■激しい性教育批判も
激しい性教育バッシングもあった。
03年、都立七生養護学校(当時)で在校生同士が性関係を持ったことから、教員が知的障害のある生徒向けの独自の性教育プログラムを作成した。わかりやすいように性器の部位や名称を入れた歌や人形を使って、具体的に性交を教える内容だった。しかし、都議会議員が「不適切」と批判。都教育委員会が校長や教員を降格や厳重注意処分とした(13年に最高裁が処分は違法と認定。教員側が勝訴)。
05年には戦前から続く家父長制に基づく家族観を重んじる自民党内で「過激な性教育・ジェンダーフリー教育実態調査プロジェクトチーム」が発足。当時幹事長代理だった安倍晋三氏が座長、山谷えり子参議院議員が事務局長に就き、過激な性教育は「より性を乱す」と主張して全国の性教育の実態調査もした。学校現場の萎縮はピークに達した。

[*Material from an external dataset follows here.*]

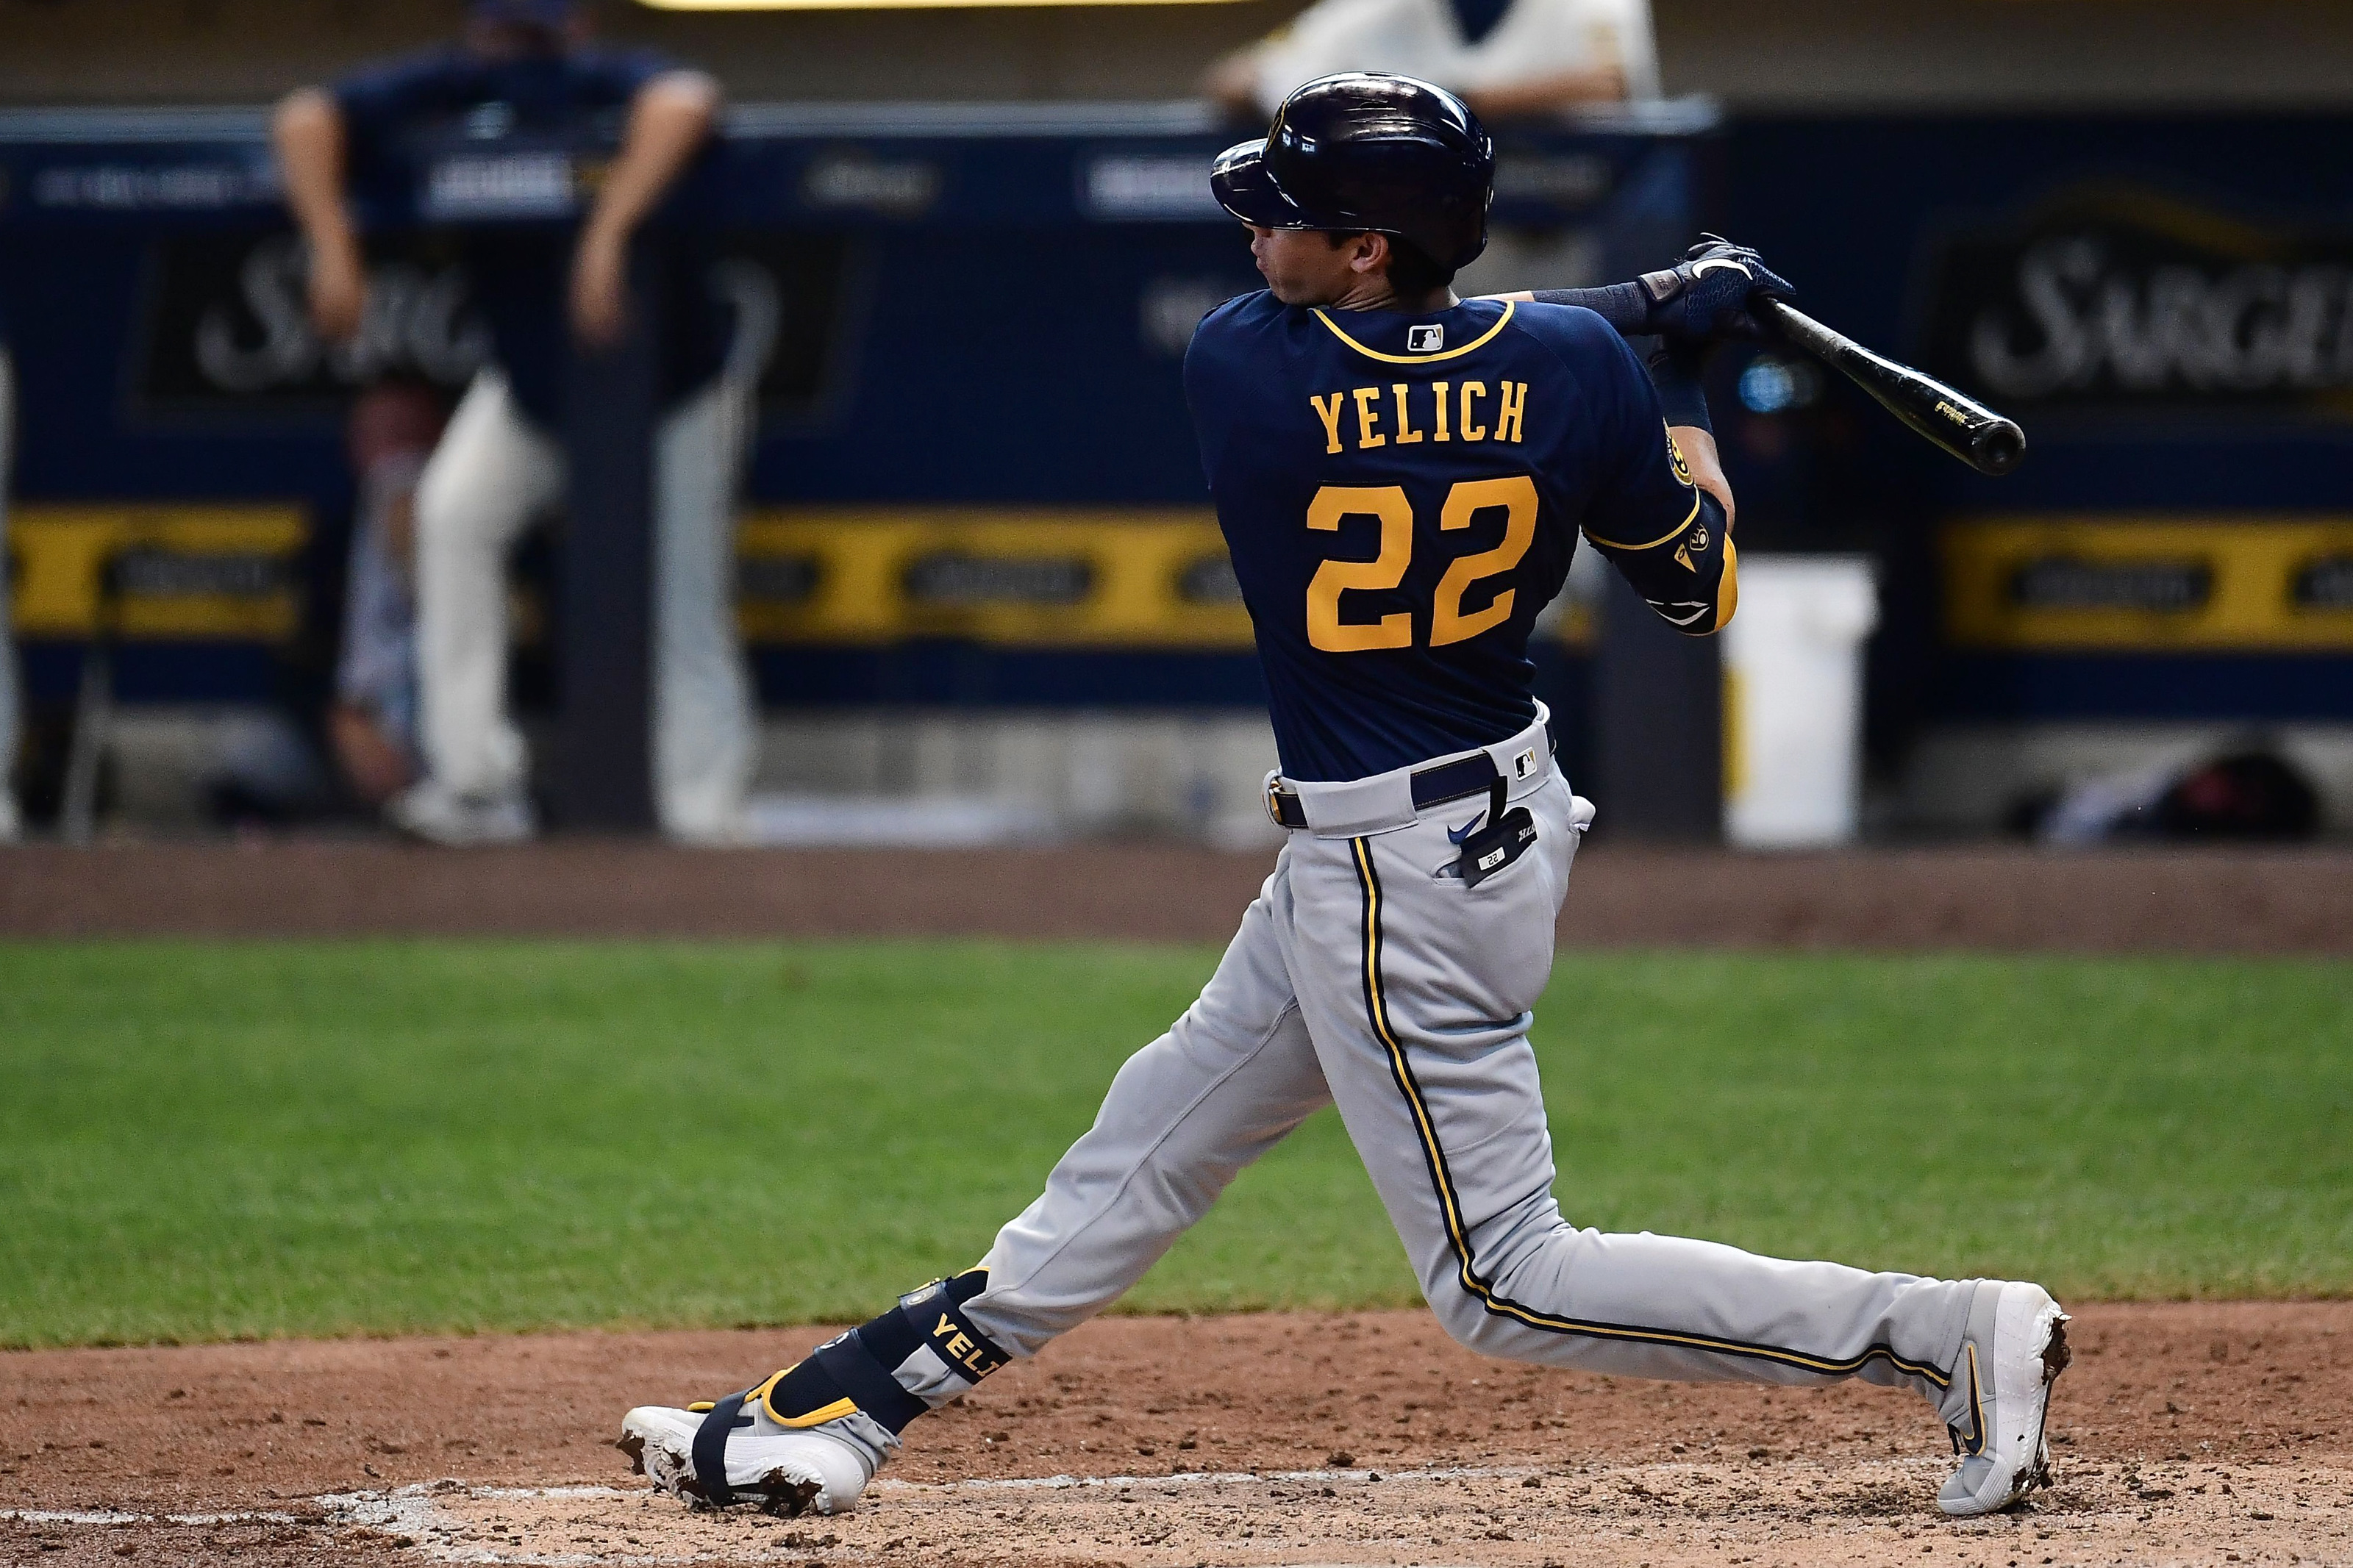  Christian Yelich: The Inspiring Story of One of

「『壁ドン』して『好きだ』と言えば妊娠するとでもいうのでしょうか? 現状では、校長先生や管理職のカラーによって子どもたちが受ける性教育に差が出てしまう。大きな問題です」
と一貫して主張してきたのが、一般社団法人全国妊娠SOSネットワーク代表理事で医師の佐藤拓代さんだ。だが、21年春に文科省主導でスタートした「生命(いのち)の安全教育」の教材にも「性交」は一切出てこない。子どもたちが性暴力の加害者、被害者、傍観者にならないことを目指したもので、セクハラや強制性交罪などの抑止にもつながると期待されているプログラムだが、「性交」を教えずして性被害の実態を理解させようとする内容に失望の声が広がる。
佐藤さんが座長を務める日本財団の「性と妊娠にまつわる有識者会議」は昨年8月、人権教育を基本にした「包括的性教育」の必要性を指摘し、学習指導要領の見直しを求める提言書を発表した。
「指導要領の改訂には10年かかる。それを待たずいわゆる『はどめ規定』を撤廃する通知を出してくれればいい」(佐藤さん)
動かない政府。一方で、性教育を求める動きは年々活発になっている。